For someone who had always lived by the mantra that the more effort and work you put in, the more results you will get - how could I rationalize only going to the gym 80% of the time I used to but not seeing a drop off physically?  I couldn't.  But something kept telling me that it was the right thing to do for now and I found affirmation in the verse below:

"So we do not lose heart.  Though our outer self is wasting away, our inner self is being renewed day by day." - 2 Corinthians 4:16

Paul, the author of the above verse, knew it was like to live a life on mission for God, to face resistance and ridicule, and even to be persecuted and beaten.  His passionate lifestyle had likely aged his body more than others.  But his inner self, his spirit, was constantly being renewed.  He may have had aches, pains, and a few wrinkles on the outside.  But inside, he was growing in maturity like Christ and constantly being refreshed by the Lord's presence.  
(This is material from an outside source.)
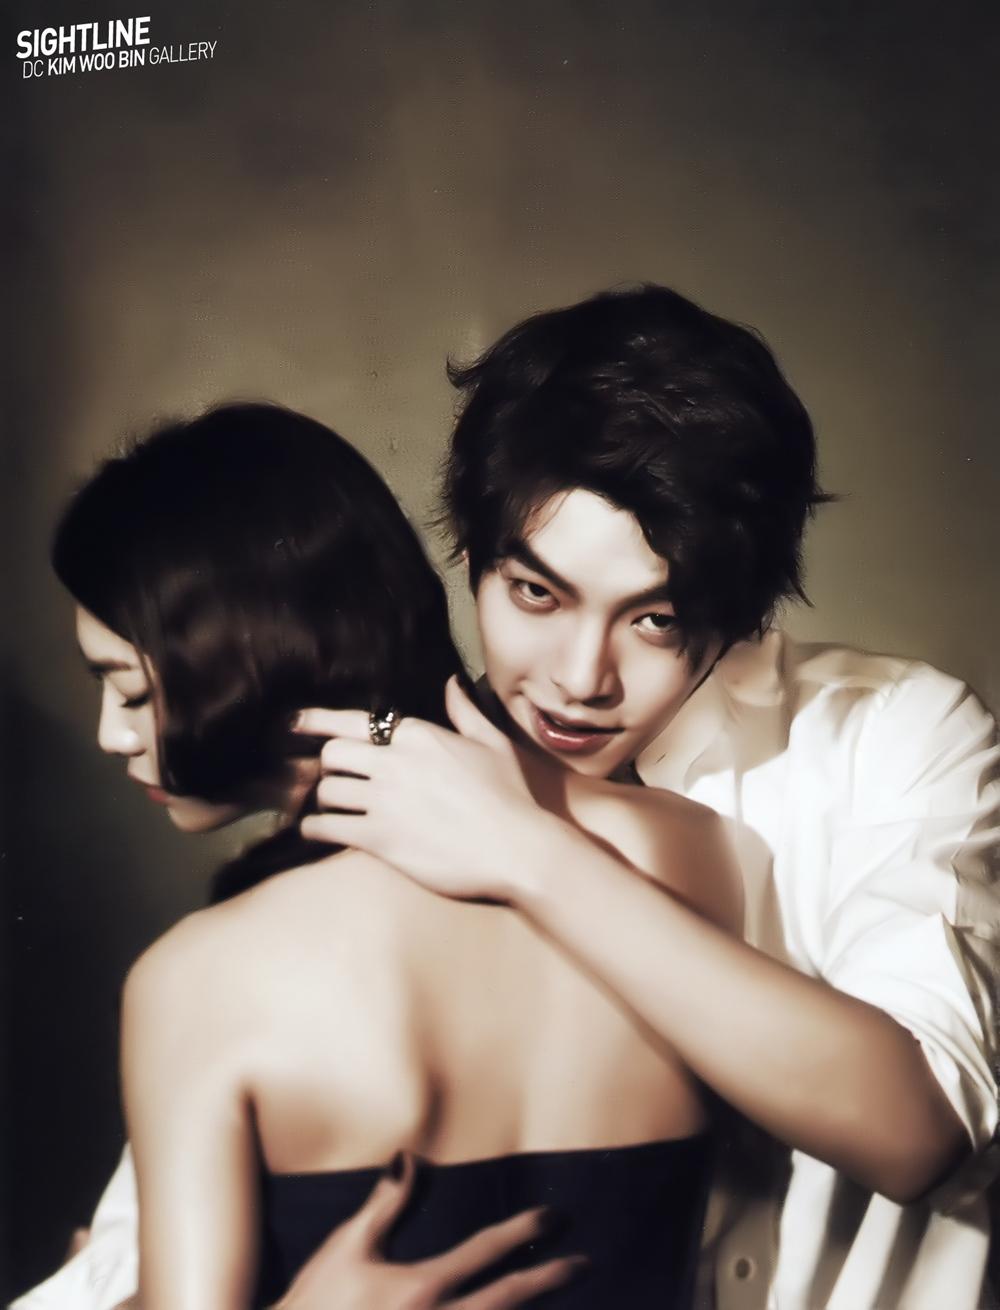 singles kim woo bin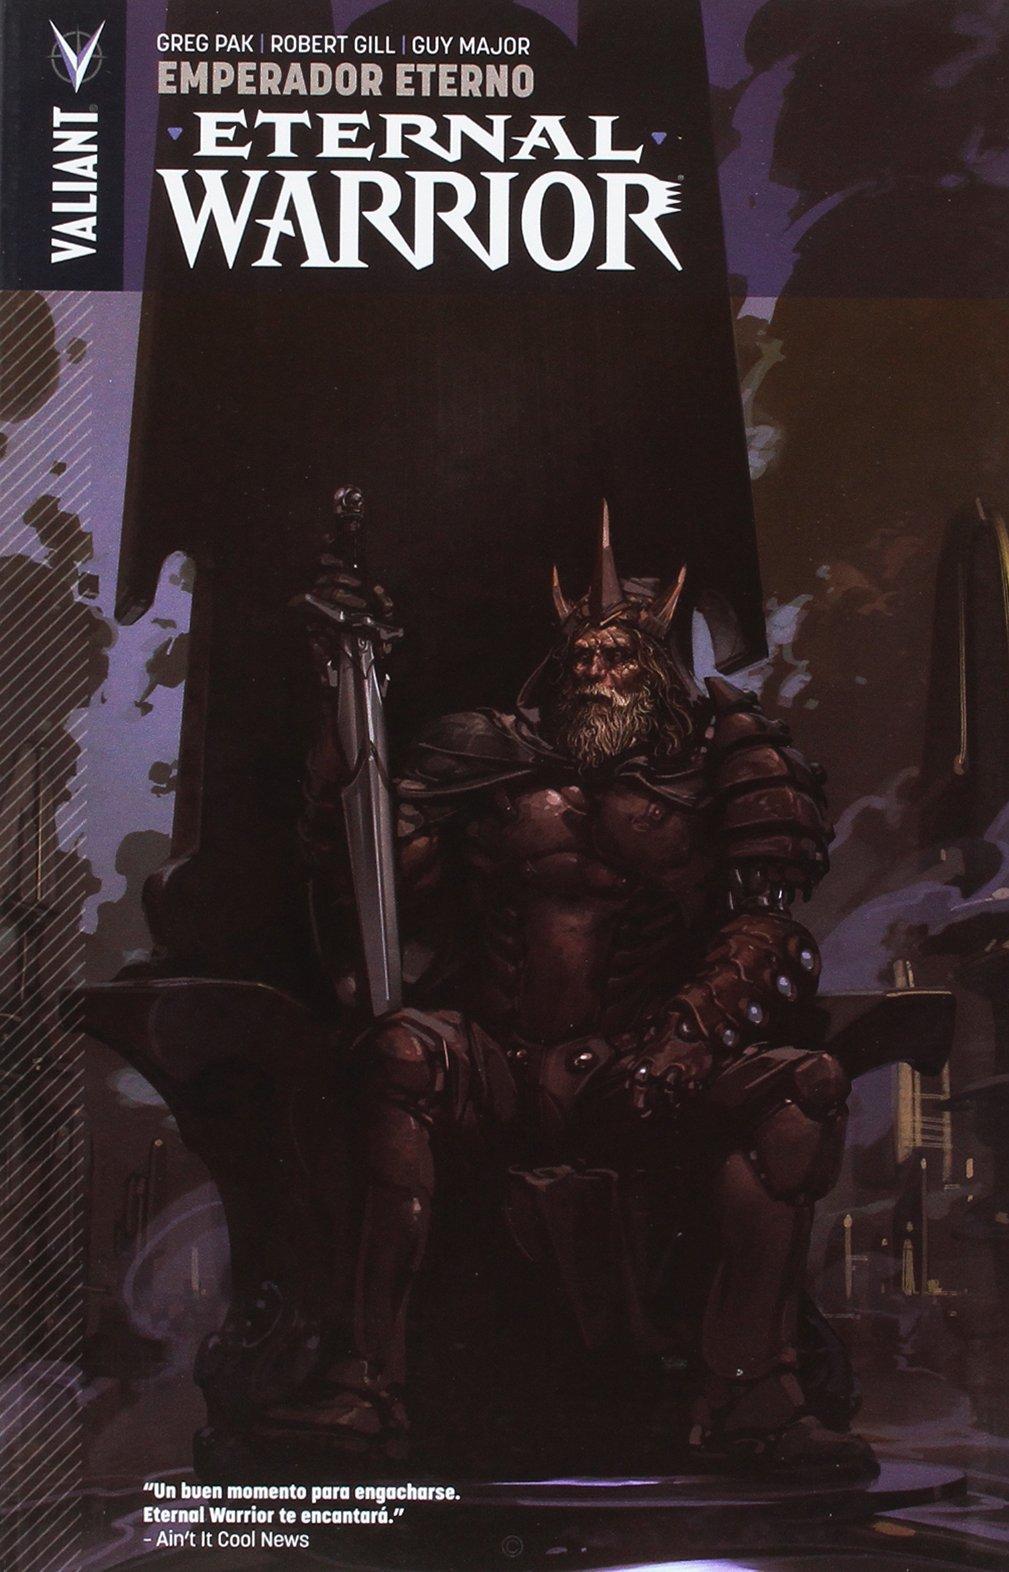 Pack Valiant 06. Eternal warrior y Rai: Amazon.es: Vv.Aa, Vv.Aa: Libros

There are my days in my life that I have felt completely overwhelmed before 7AM in the morning.  But now, there are more days that I have a peace that I cannot explain - days when I'm running behind and have more "to-do's" than I do hours that just a sense of peace doesn't allow me to get rattled and I know it's not my own doing.  Whenever I stayed studied up and prayed up, it takes much more to rattle me or get me off kilter.  While I have likely seen my physical peak and already surpassed that moment of being in the "best shape of my life," I can find peace in knowing that one day, this body won't matter anymore but rather my soul will be of the most importance.  And in that, I can find peace and look forward to hitting my spiritual prime at just the right the time.